→ **DATASET EXCERPT**
--------------------------------

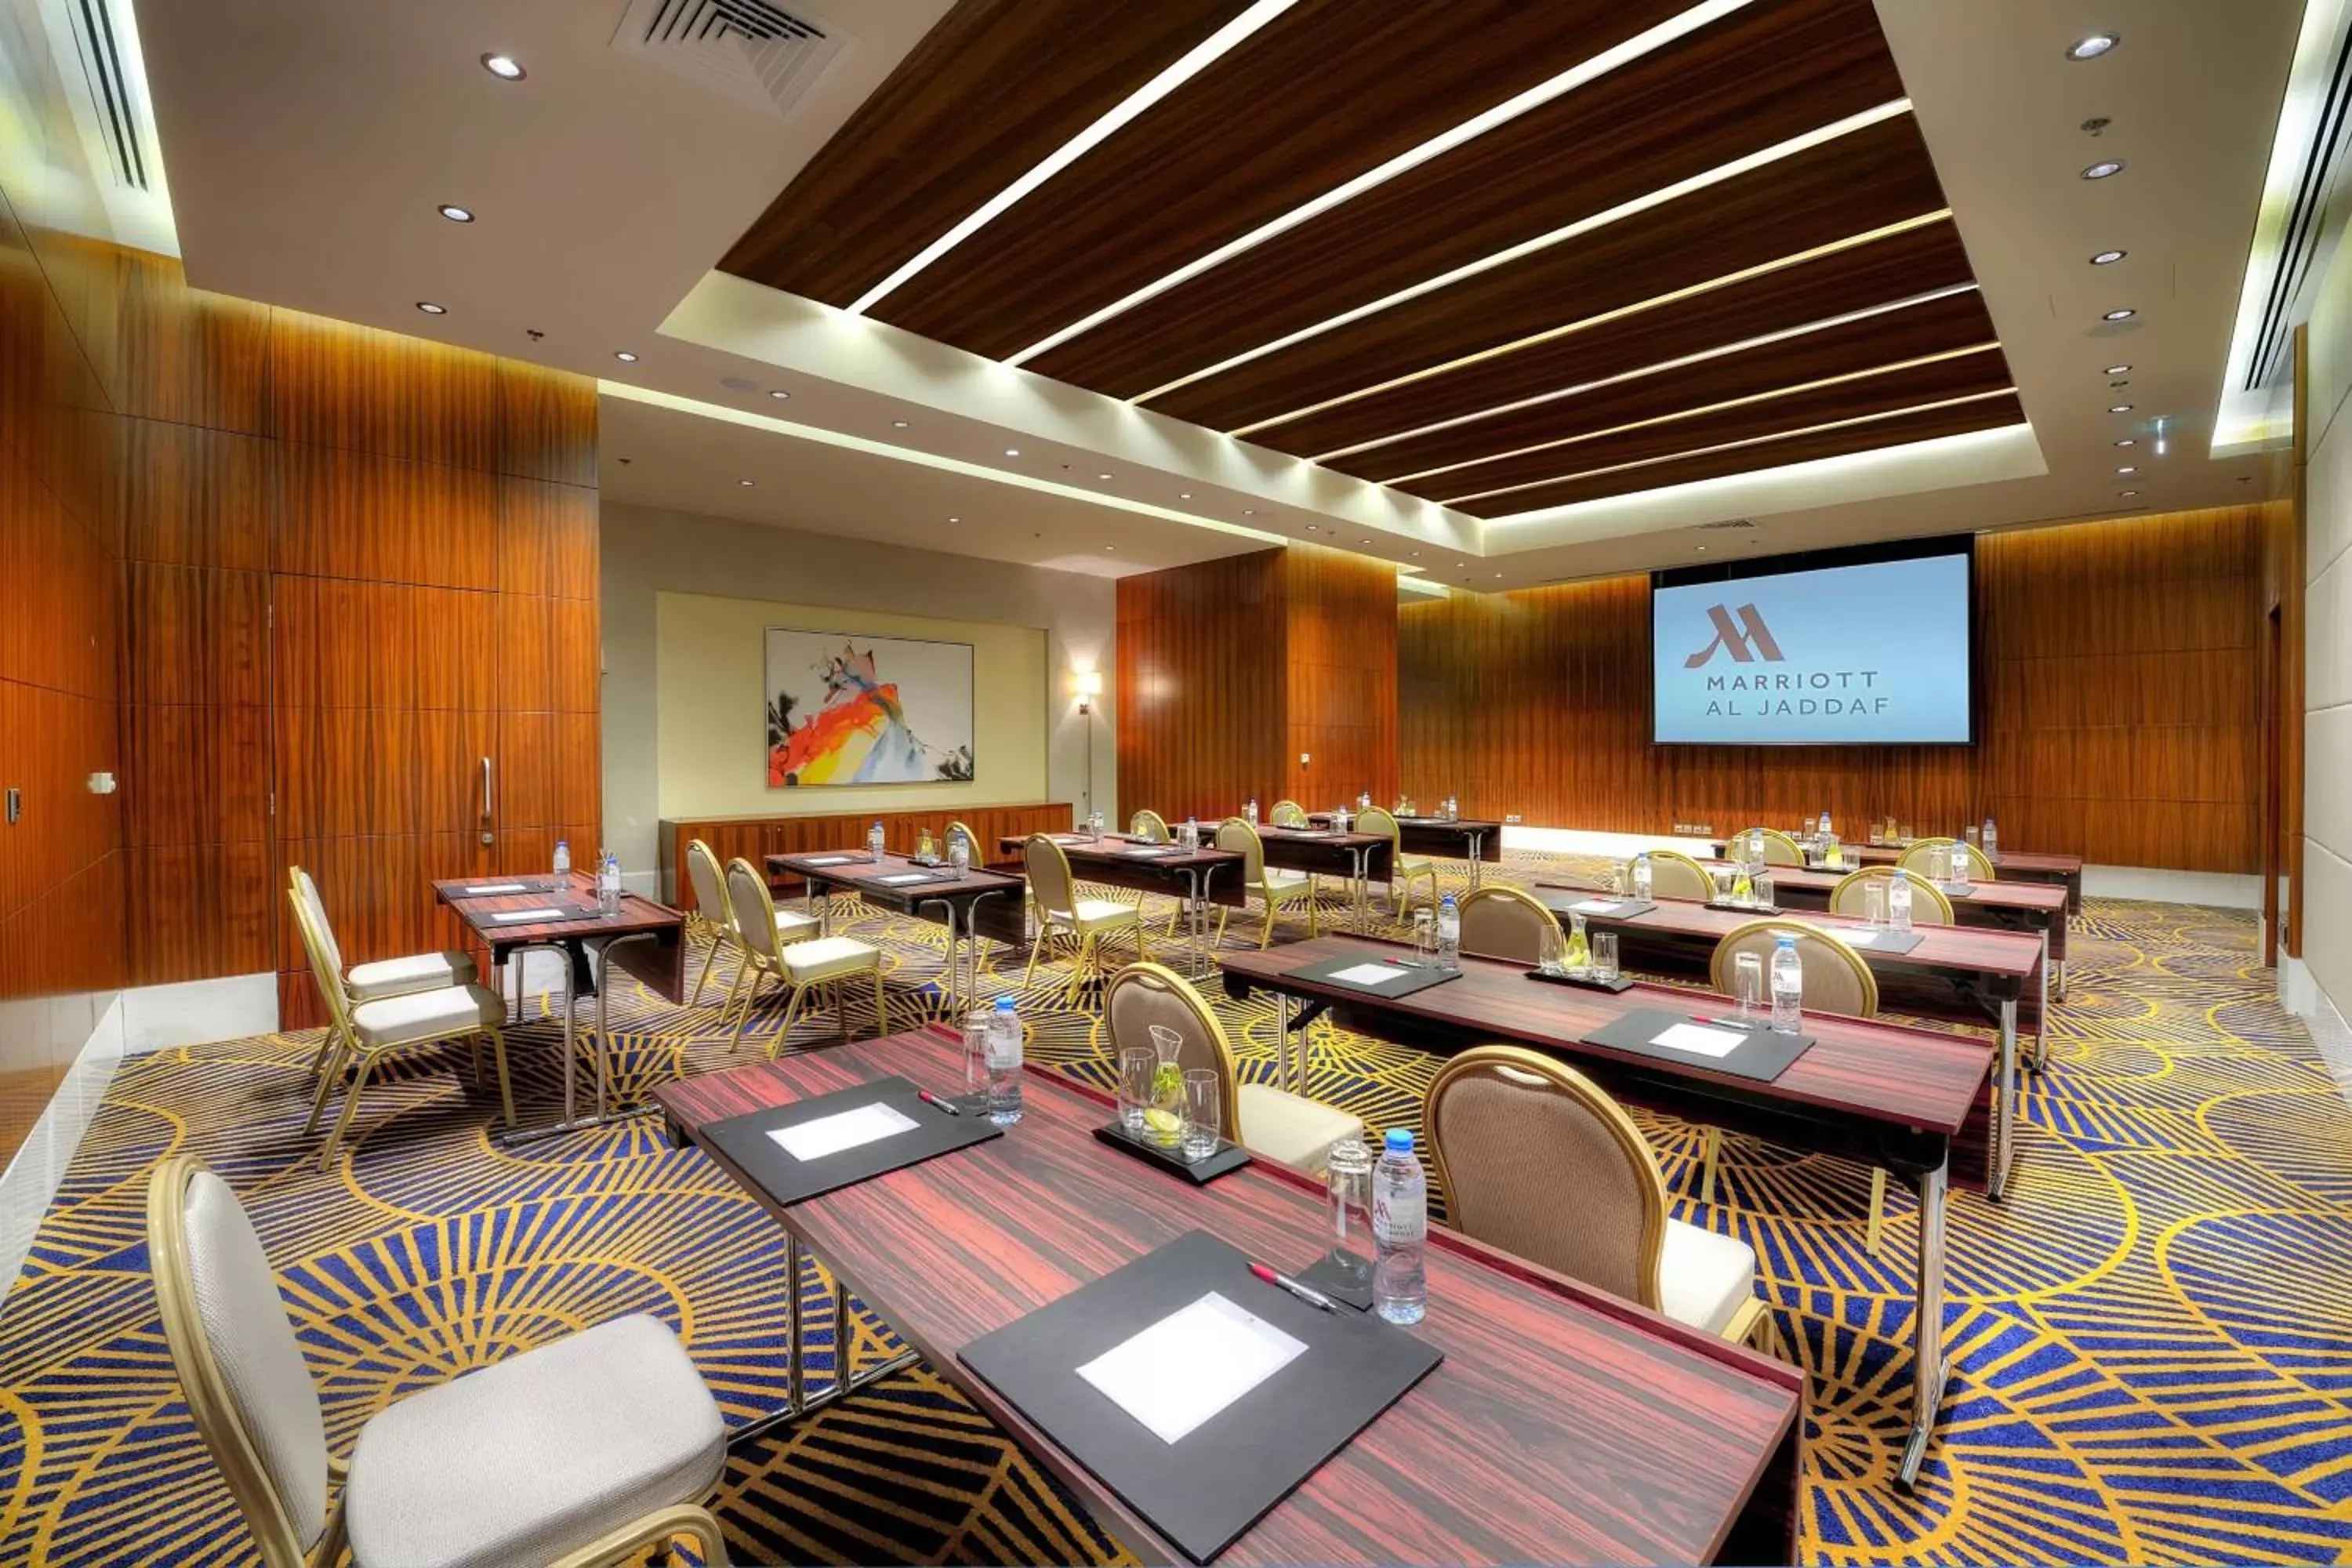 Meeting/conference room, Restaurant/Places to Eat in Marriott Hotel, Al Jaddaf, Dubai
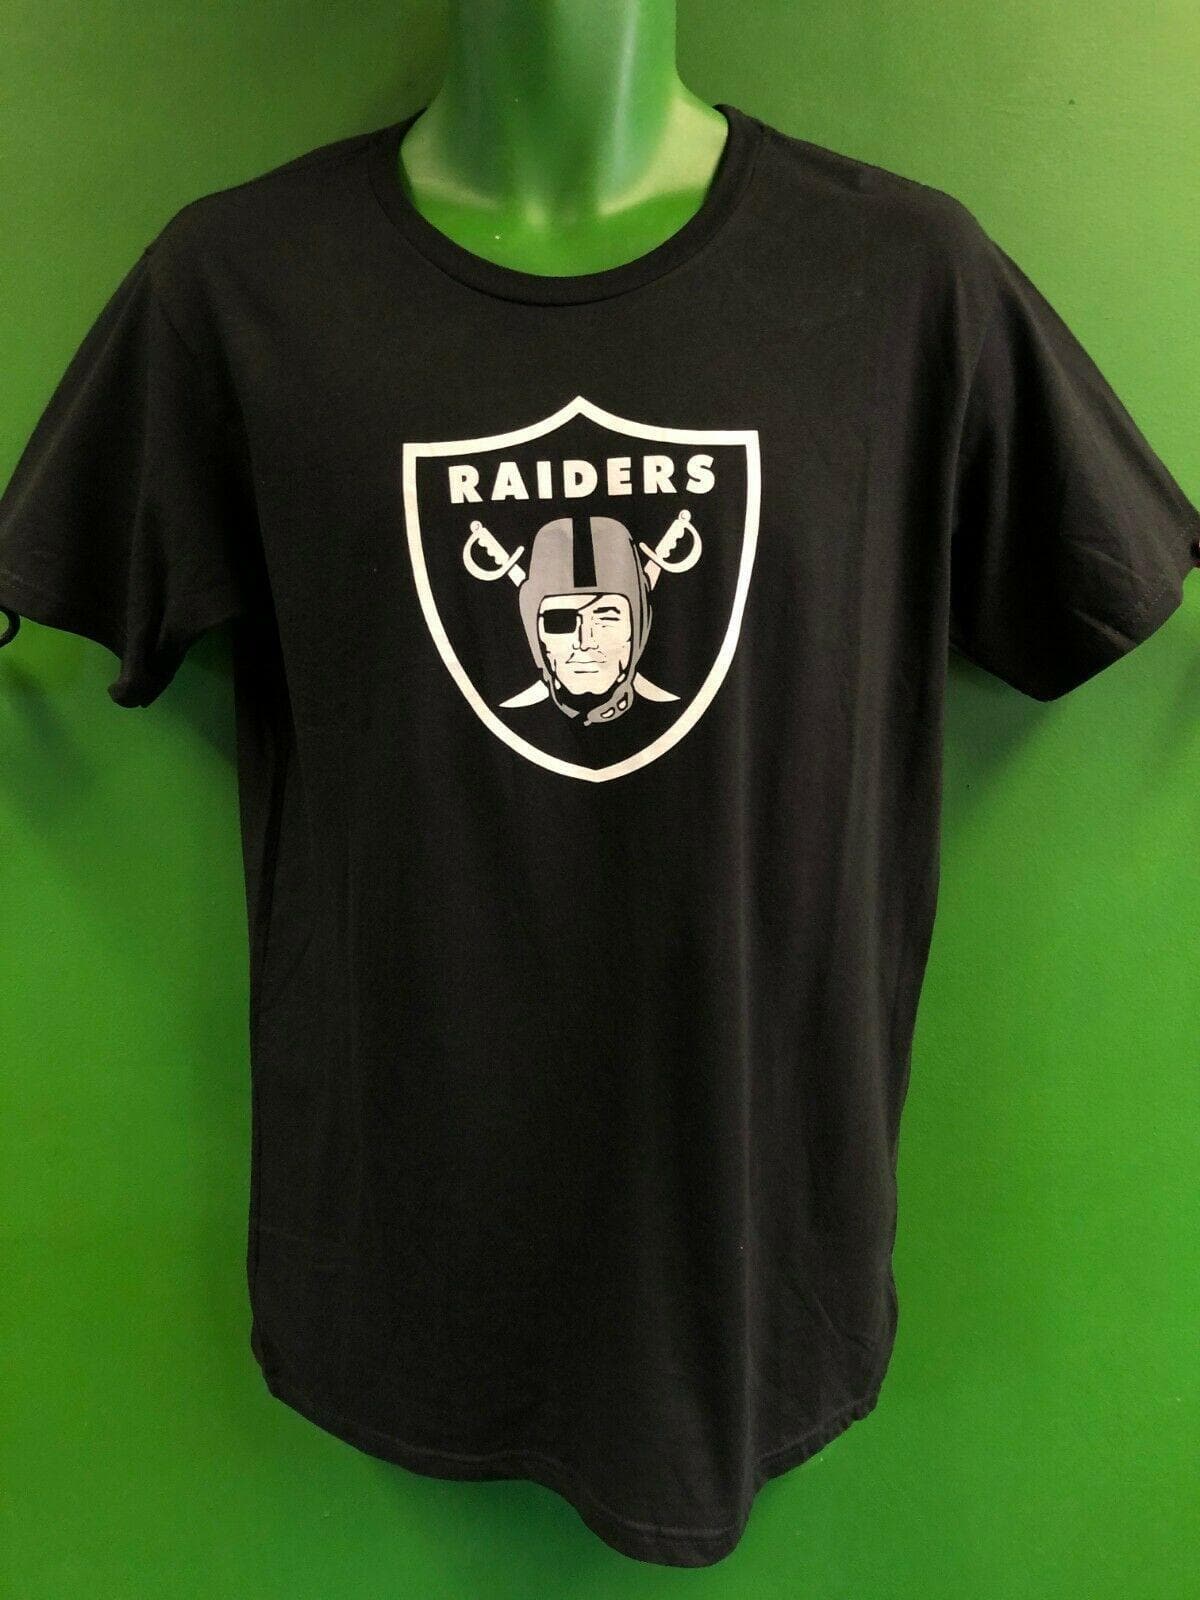 NFL Las Vegas Raiders Pro Line Fanatics T-Shirt Men's Medium NWT
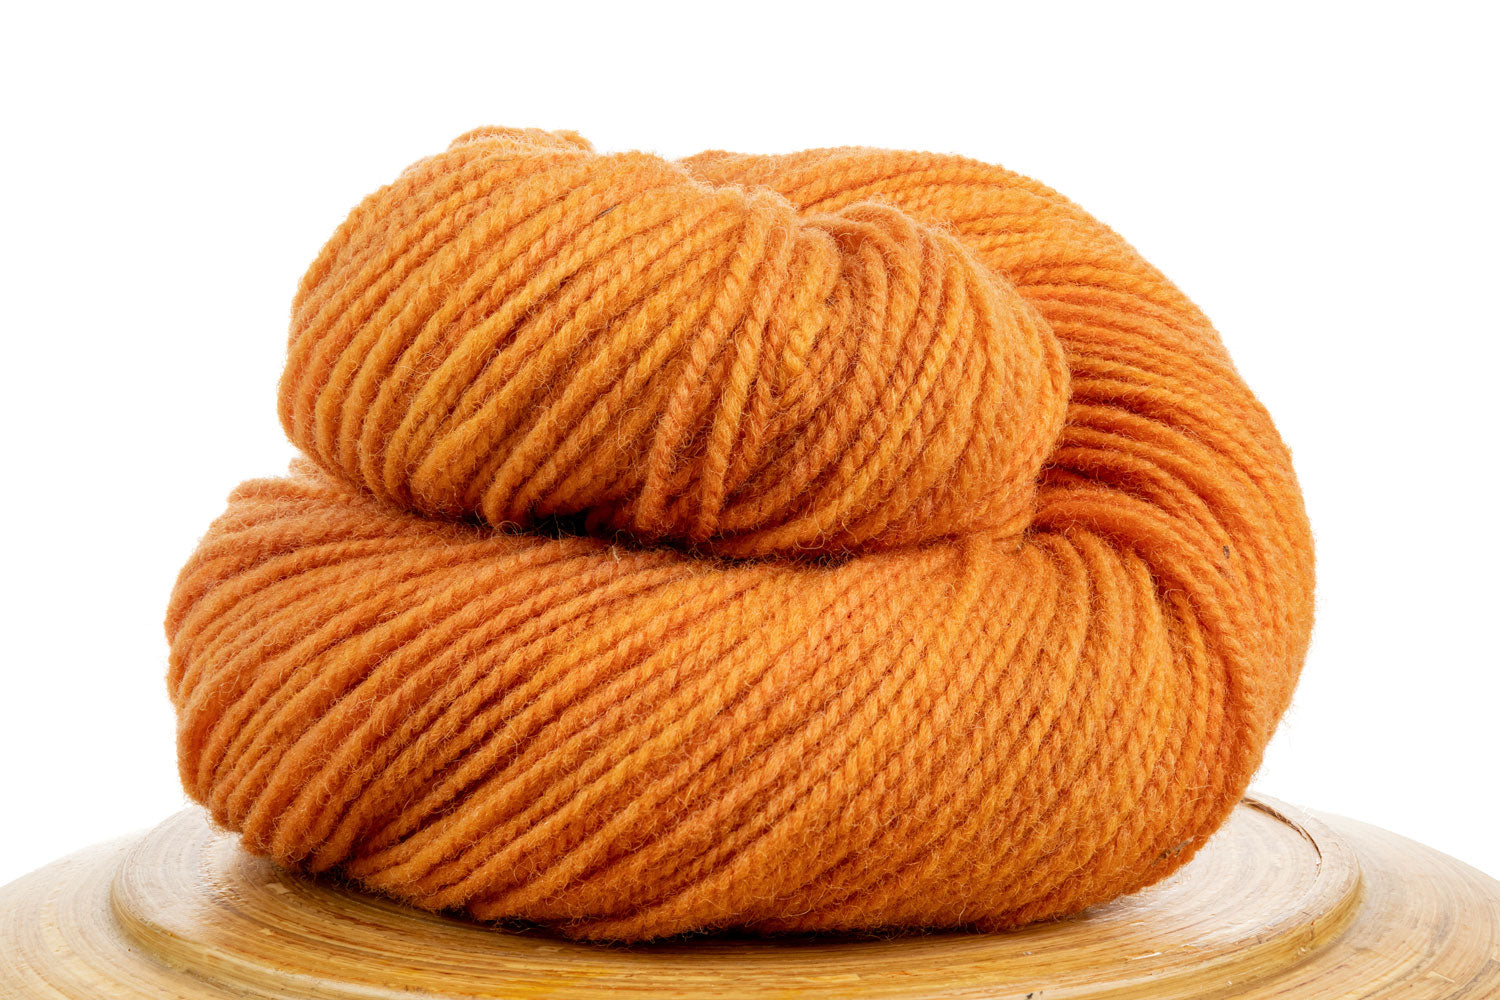 Winfield Canadian hand-dyed wool yarn in Zest, a bright orange

--------------------------------

→ **EXERCISE AIM**
The data is to be printed again exactly, but without its pictures.

→ **SOLUTION TO THIS TASK**
 Meeting/conference room, Restaurant/Places to Eat in Marriott Hotel, Al Jaddaf, Dubai
 NFL Las Vegas Raiders Pro Line Fanatics T-Shirt Men's Medium NWT
 Winfield Canadian hand-dyed wool yarn in Zest, a bright orange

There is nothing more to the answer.